Australian-born actress. Born in Melbourne, Australia, on January 20, 1894; died in 1946; educated in a New Jersey convent; married Francis McDonald (an actor).

Selected filmography:

The Agitator (1912); A One Night Stand (1915); A Favorite Fool (1915); A Bath House Blunder (1916); The Fair Barbarian (1917); Her Husband's Friend (1920); A Parisian Scandal (1921); The Love Charm (1921); Foolish Wives (1922); Only a Shop Girl (1922); Souls for Sale (1923); Name the Man (1924); The Shooting of Dan McGrew (1924); The Unholy Three (1925); Camille of the Barbary Coast (1925); The Miracle of Life (1926); San Francisco Fights (1928); While the City Sleeps (1928); (played Oliver Hardy's wife in first Laurel & Hardy talking short) A Man's Man (1929); Young Desire (1930); (Laurel & Hardy short) Chickens Come Home (1931); Wicked (1931); (Laurel & Hardy short) Their First Mistake (1932); Scarlet Dawn (1932); Blondie Johnson (1933); Dance Girl Dance (1933); (played Oliver Hardy's wife) Sons of the Desert (1933); (L&H short) Oliver the Eighth (1934); (L&H short) Going Bye-Bye (1934); (L&H short) Them Thar Hills (1934); (L&H short) The Live Ghost (1934); (L&H short) Tit for Tat (1935); Stranded (1935); (L&H feature) The Bohemian Girl (1936); Daughter of Shanghai (1937); Prison Farm (1938); Nancy Drew—Detective (1938); Women without Names (1940); The Mad Monster (1942); (bit part) The Blue Dahlia (1946).
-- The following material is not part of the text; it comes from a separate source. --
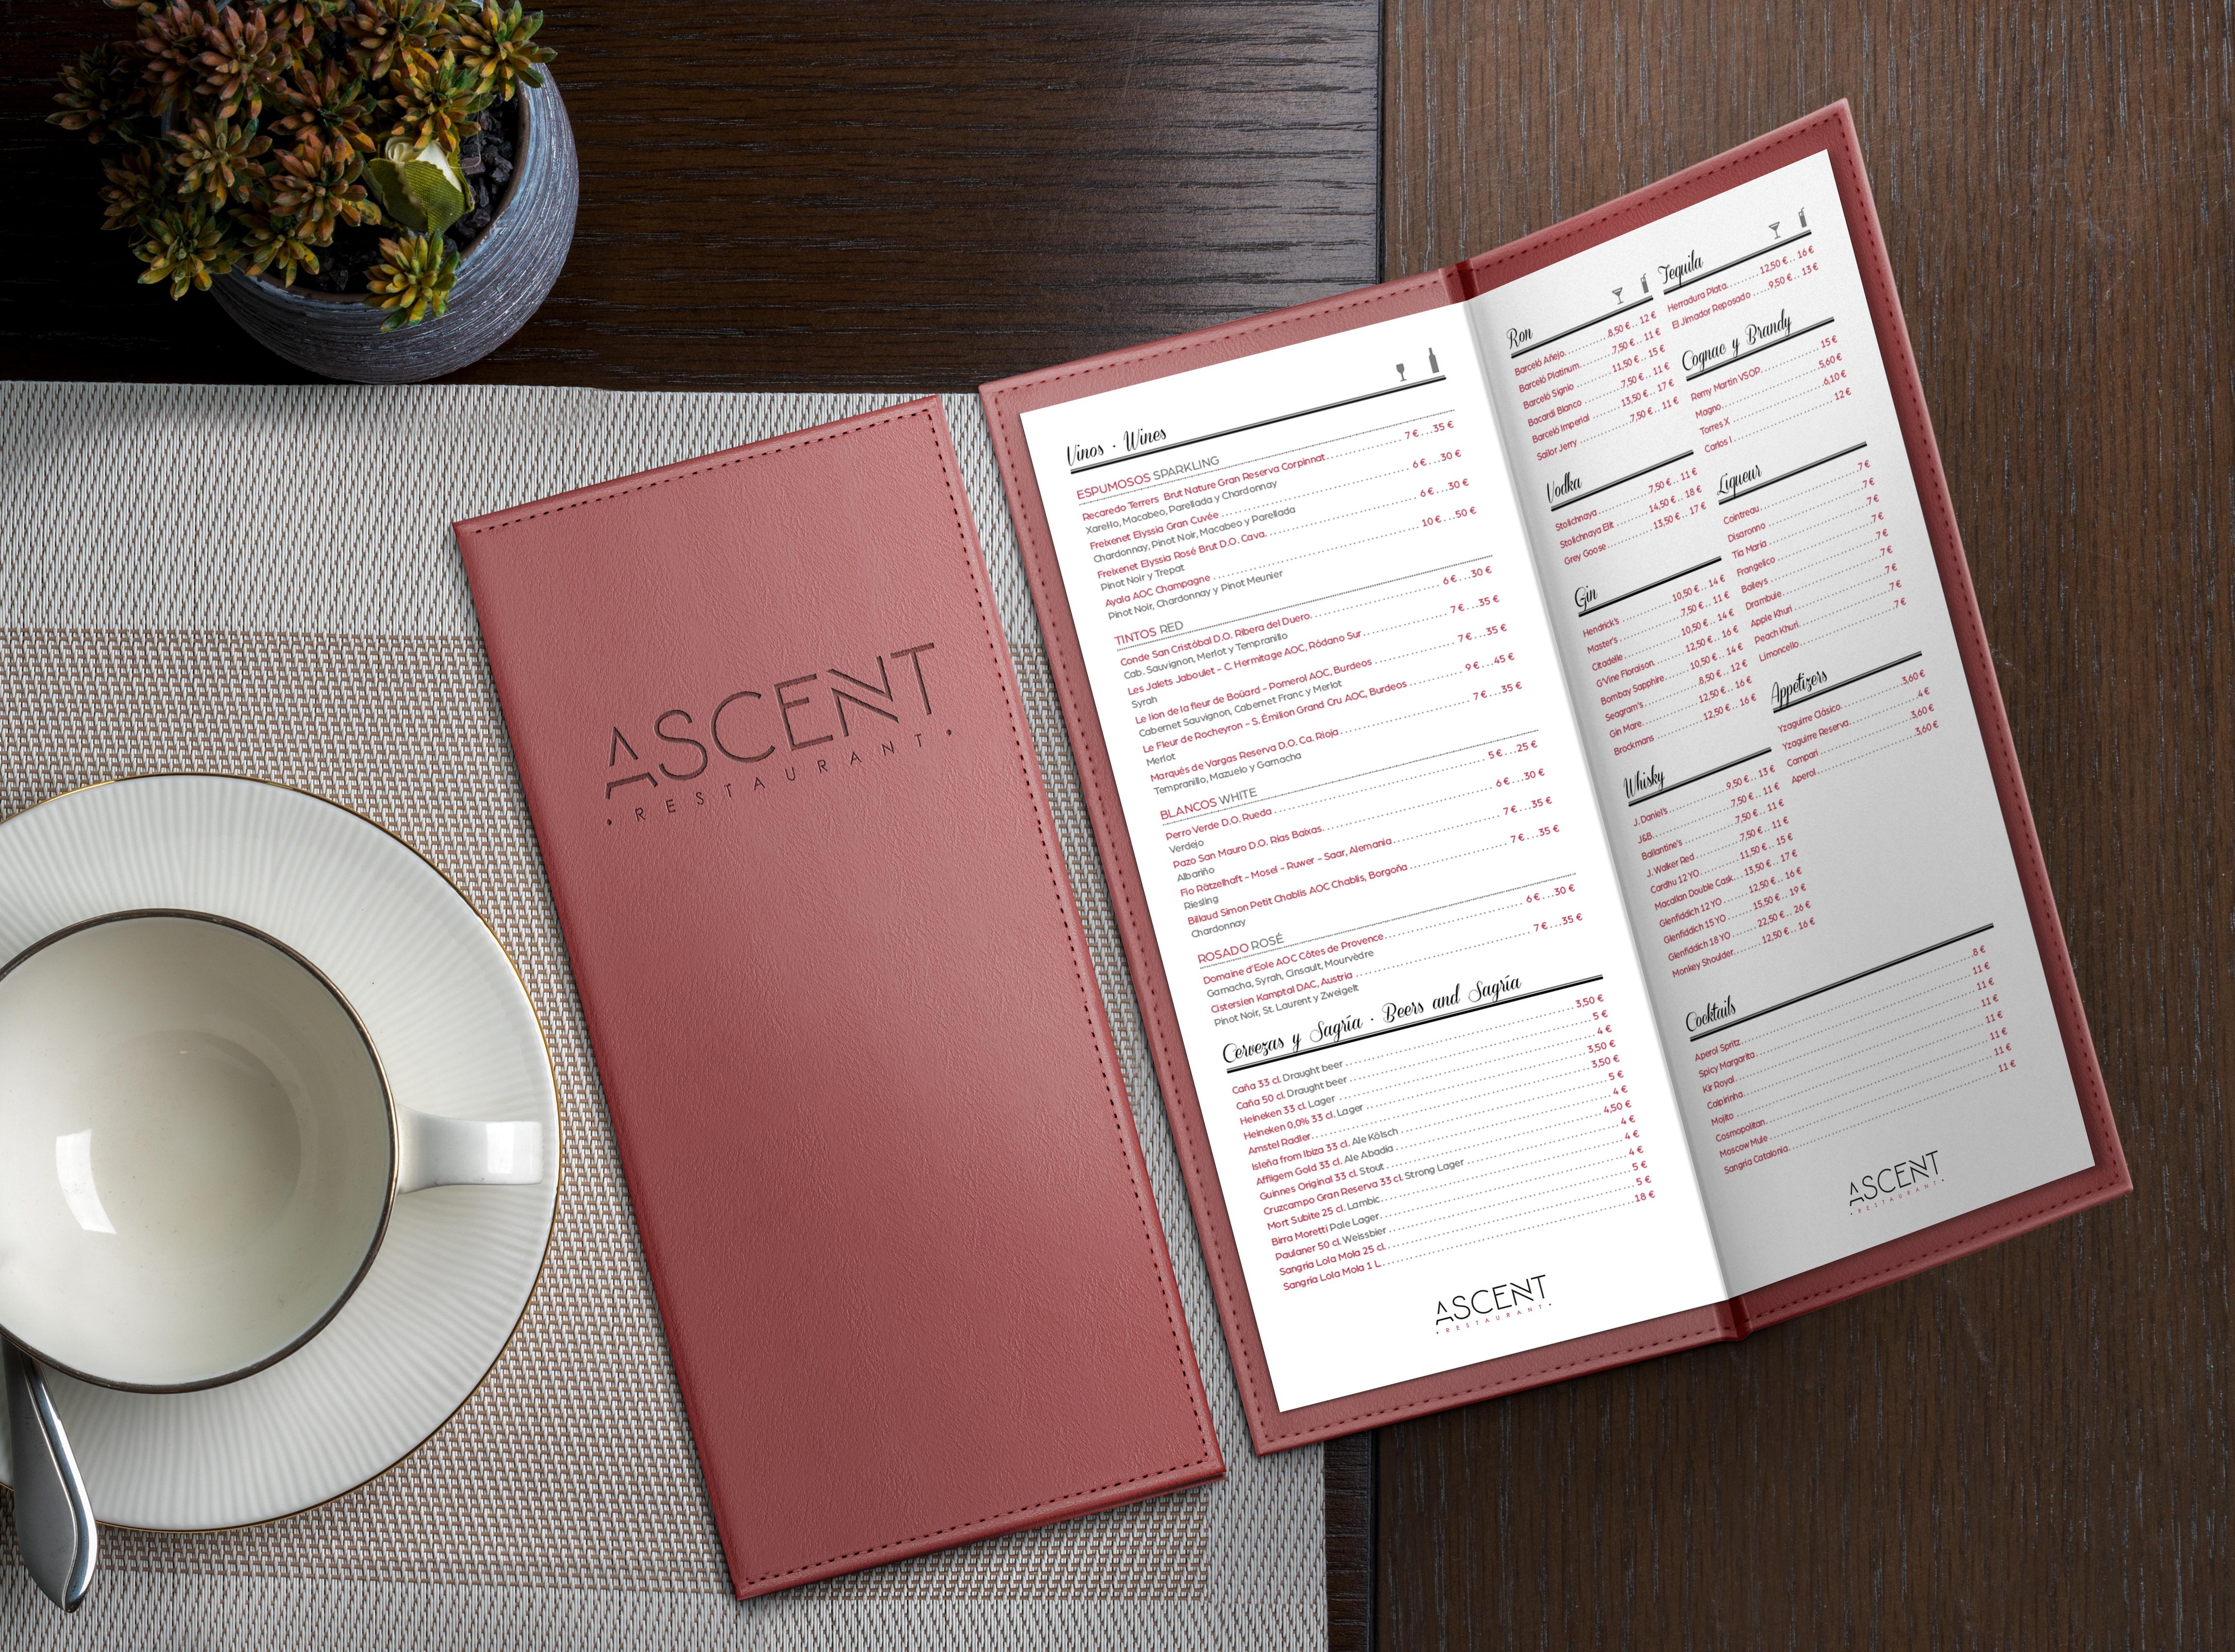 4 Ascent Restaurant mockup - En el detalle esta la diferencia y con acabados especiales se consigue

Mae Busch was born in Melbourne, Australia, on January 20, 1894. Her father was conductor of the Australian Symphony Orchestra; her mother was a grand-opera singer. Mae spent much of her childhood in Tahiti, where the Buschs owned property, until the family immigrated to the United States. Making her stage debut at age 17, Busch became a popular headliner in vaudeville. Her film debut was in a Mack Sennett Keystone comedy in 1912, and her first major movie success was her star turn in Erich von Stroheim's Foolish Wives in 1922. Throughout the 1930s, she appeared in Laurel and Hardy two-reel comedies, sometimes playing Hardy's wife, other times as a foil for their routines. She became a foil once again when Jackie Gleason began to use her name in a running gag on his popular television program with the phrase "and the ever-popular Mae Busch."